Brian Smith  19:28  
you know, it's interesting. I'm so fascinated by the light beings when you were a child, do you think they were just sharing energy with you? Maybe? Yeah.

Lissa Friedman  19:39  
I think they were doing I think they were sharing and altering my nervous system. Because I could feel their energy and it was just a matter of, like, what can we do to keep her just still enough to receive this? Well ask us silly questions. And you know, and answer them. And, you know, when they were done with me, they would just lift off and float away.

Brian Smith  20:05  
So that feeling you had when you were six when you were you felt like you were in there? Did you feel lonely? Did you feel disoriented? How did you feel?

Lissa Friedman  20:15  
Excited? Really excited was like, Oh, I'm here. I'm here, you know? Yeah, it was, it was like, it was like, I had been walking around a little bit in a daydream. You know, like a foggy not really noticing things and moving through life. I mean, it was only a few years, but I think most of most people might spend an entire lifetime doing that. But, you know, I'm, you know, and laughs Okay. It wasn't bad. It's okay. I'm just kind of in a daze. And then it was like, oh, like, all my senses were alive and awake. And now I'm actually seeing everything through these eyes, which somehow is connected to something bigger. It was great.

Brian Smith  21:12  
Yeah, yeah, that feeling of knowing that you're not your body, I think as it could be. Most of us do suffer most of our lives. We identify. This is me, you know, it's like, this is me. And you, you wouldn't be on that.

Lissa Friedman  21:28  
That's right. That was the first inkling that that was the truth. Yeah, that's a profound thing. But it did take me quite a number of years to understand that, that came to me at such a young age. But you're right, we're not our bodies, and we're not our minds, and we're not our emotions. We're something more what we are more than that.

Brian Smith  21:50  
Yeah.
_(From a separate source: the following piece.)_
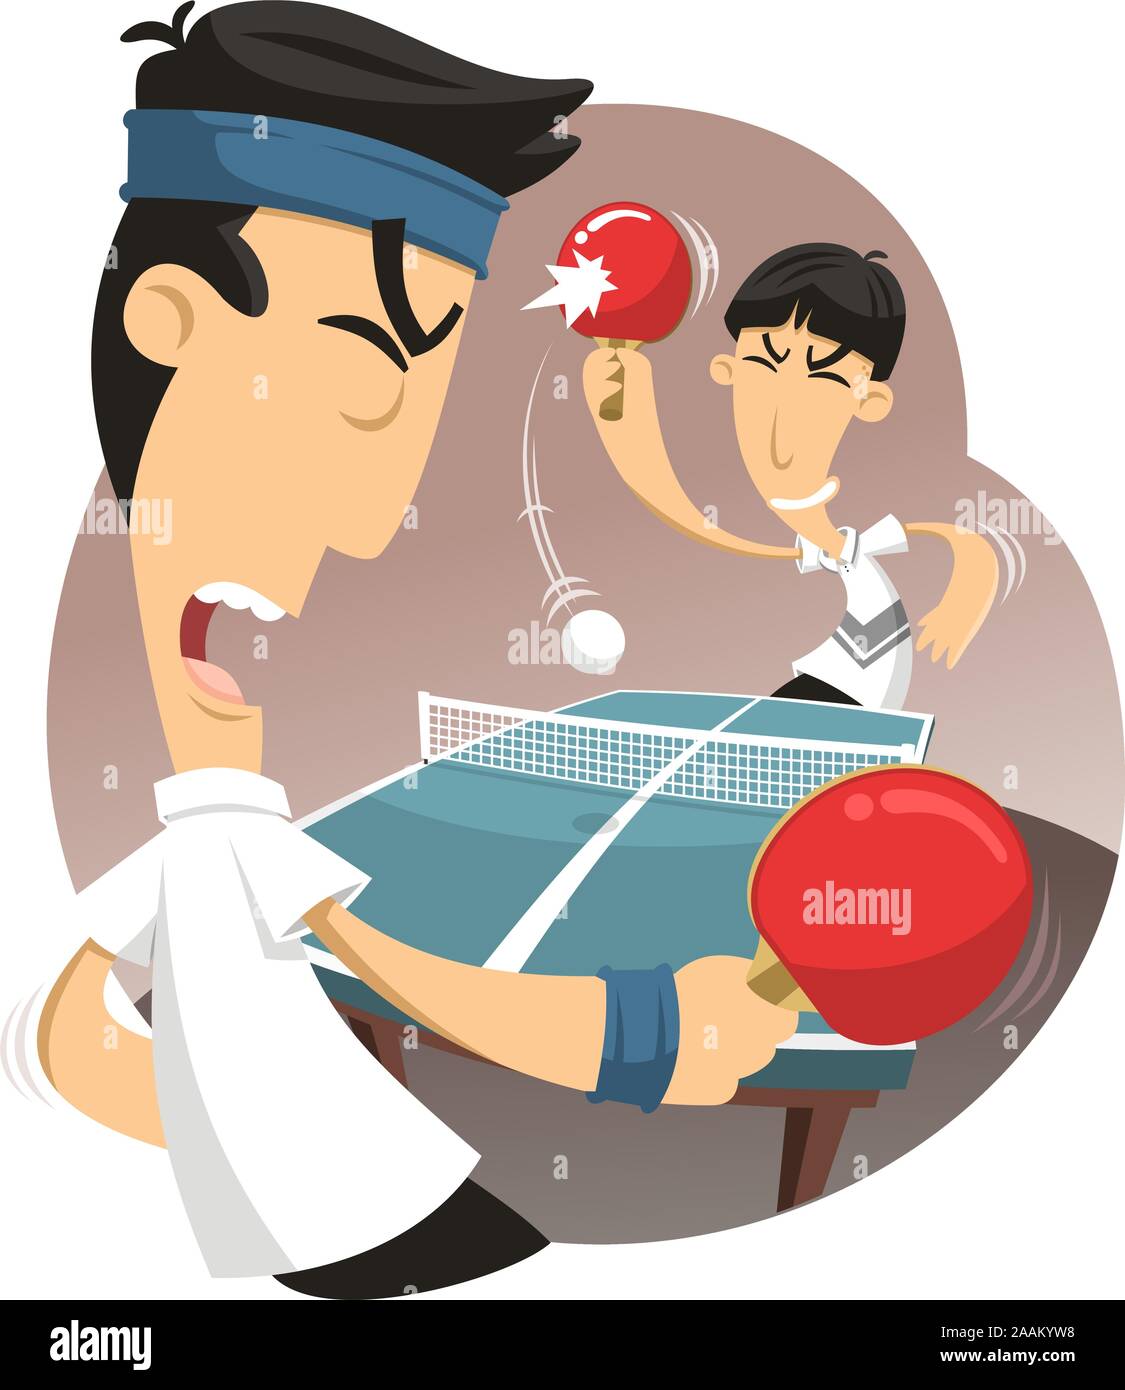 Ping pong match vector cartoon illustration Stock Vector
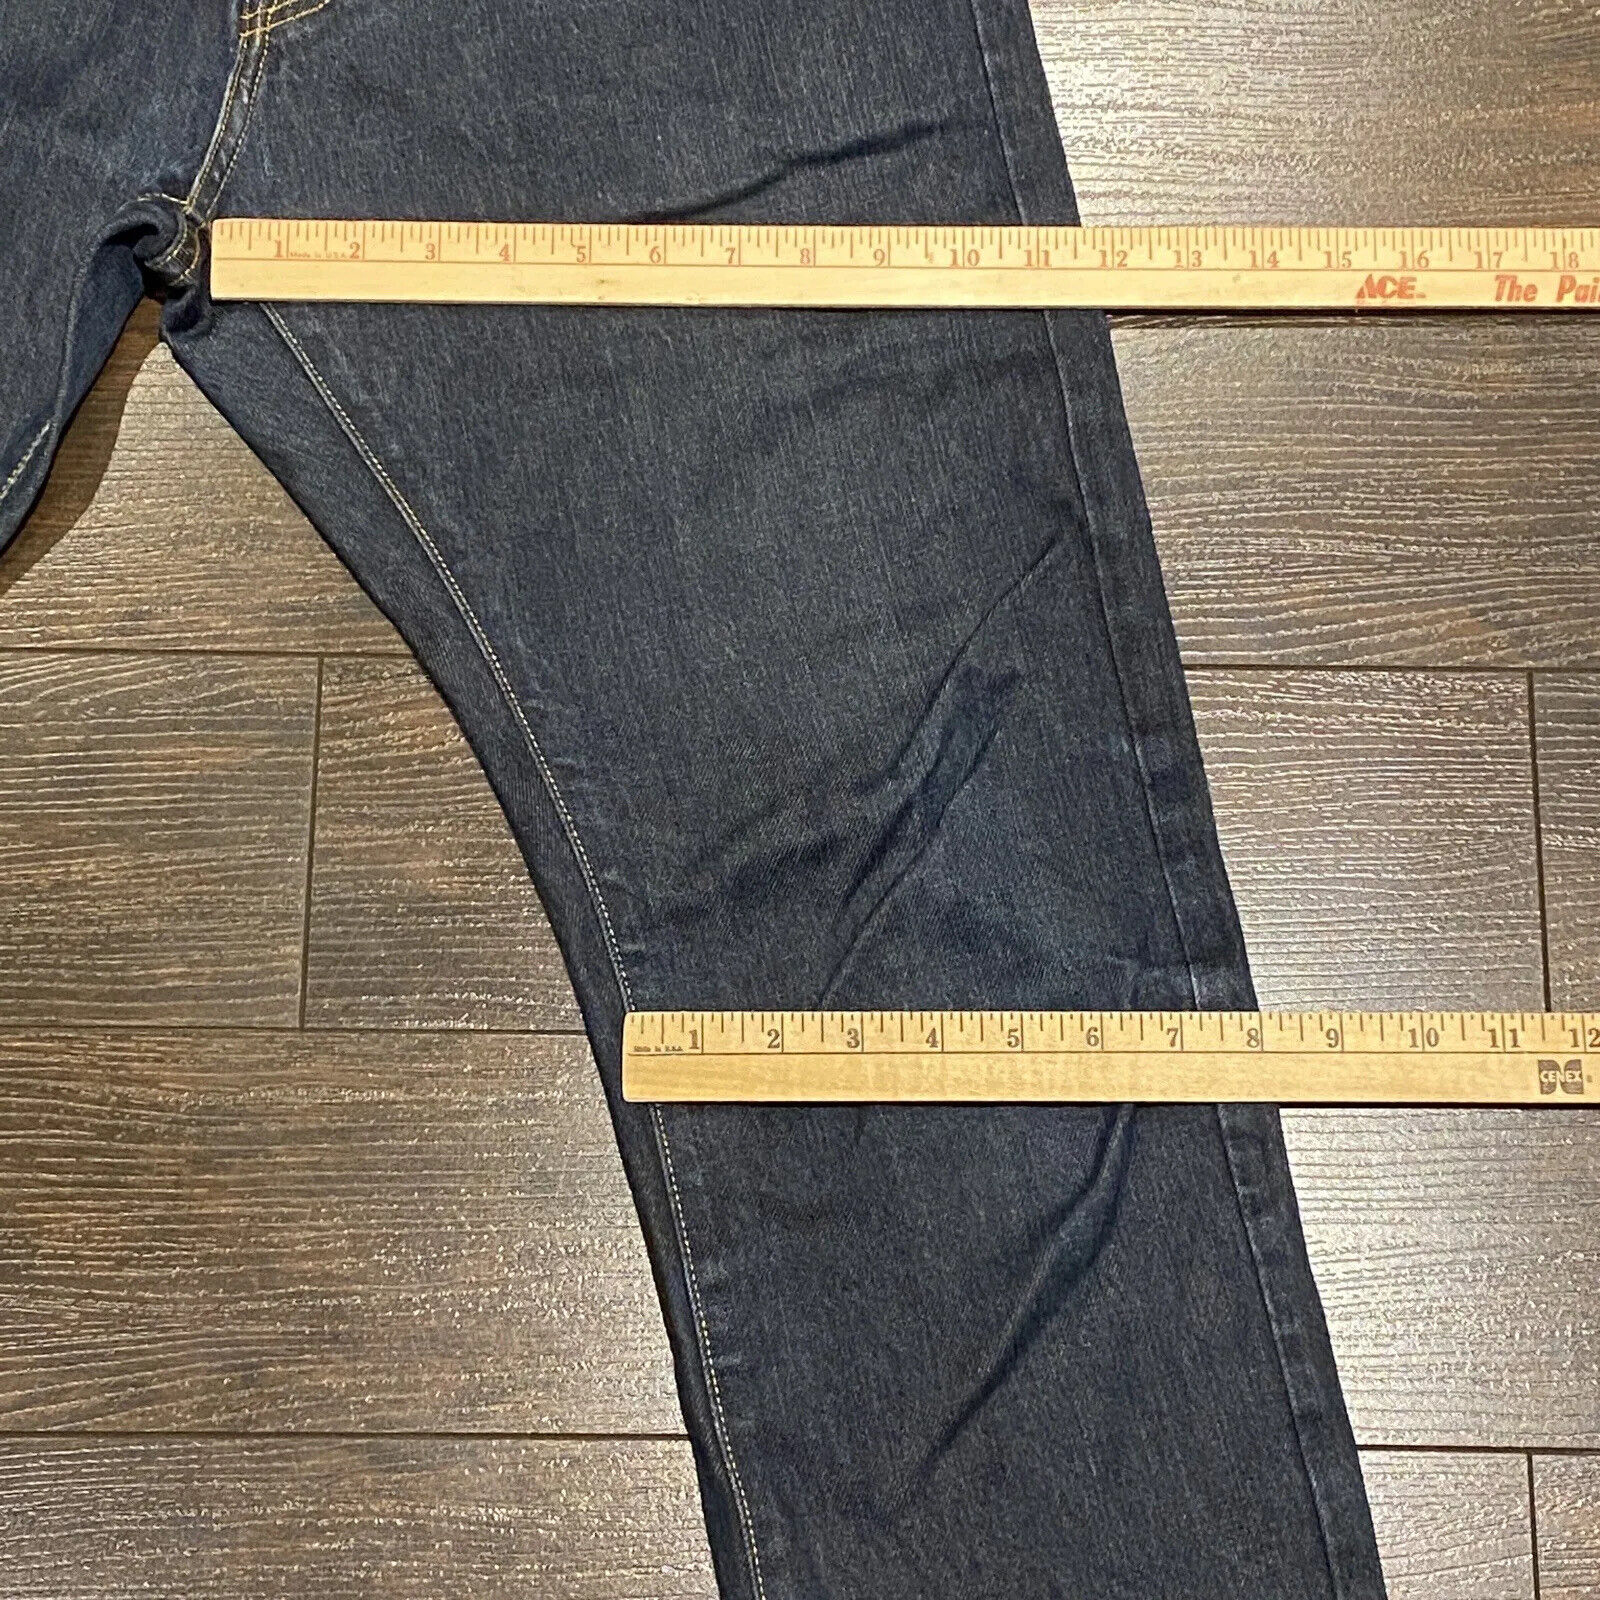 EVISU Jeans No 3 Mens Size W33 x L29 Dark Wash 100% Cotton Vintage 2000’s

So the message that they're getting to us now, what would you say is the core message

Lissa Friedman  22:01  
that we are boundless itself? We're not the thoughts. Were, we're not the emotions, we're not the body, we're not even a sensation. But there is something that is aware of all of that, that awareness is what we are. So we tend to think that when we are aware of our thinking, or some experience, that we own, that awareness, it's mine. It's my separate word, and you have your separate awareness. And everybody has their separate awareness. And it's actually a little bit true and that we are a portal and it is very specific coming into us. But it is from the bigger oneness, awareness, boundless oneness. I use those all those words interchangeably. So it's like, the other day, I was sitting with a bunch of people, and I heard the birds singing. And it was so clear to me that the birds were singing in me. Right? And so like, Well, what do I mean by that? Are they thinking inside my head? No. The singing inside, something that I call my awareness, I'm conscious of the bird singing. But it was so clear that okay, there's singing in me. And the me is awareness itself is the boundless and there was such an example of, that's what I am. And that's what we all are. And we, you know, yeah, so that's really odd.

Brian Smith  24:06  
It's really interesting content. And it's because I'm when I heard your story, and we've talked about six, I was about six, when I felt very lonely. I felt very disoriented, and I felt like I missed that connection. to So why are we so separate was the feeling that I had?

Lissa Friedman  24:26  
Yes. Well, that's a big deal, too. Yeah. Realize that at six, you know, it's kind of like realizing what's not true. Like really feeling it. And you know, like, like I said, a lot of six year olds and just kind of La dee da.

Brian Smith  24:46  
Yeah, like it's it for me. It was like, why I felt like there was something missing that that could that as I get to the point that I am now, you know, hearing about you're talking and listening to Seth materials right now, and that's Yeah, mind blowing, and reading, you know, we both love Frankie key Frances key the team blocks. Yeah. Okay, this is the truth that we've forgotten.

Lissa Friedman  25:11  
Yes, this is a truth that we've forgotten. And so you mentioned the team books and what they talk about two, which is, you know, when I was reading them, I was very aware of my group and the kind of teachings coming from there. And I knew that while there were lightnings, they were also part of the one

not separately from that, and it's not like, you know, there's this there's the oneness, and then there's the group. No, it's like that they were getting their their truth, from the boundless itself from the source. And in the team books, they talk about that, too. You know, they'll, they'll give you their teaching, and then they'll say, Yes, and you know, we're connecting, we're all one. That's all that's going on here.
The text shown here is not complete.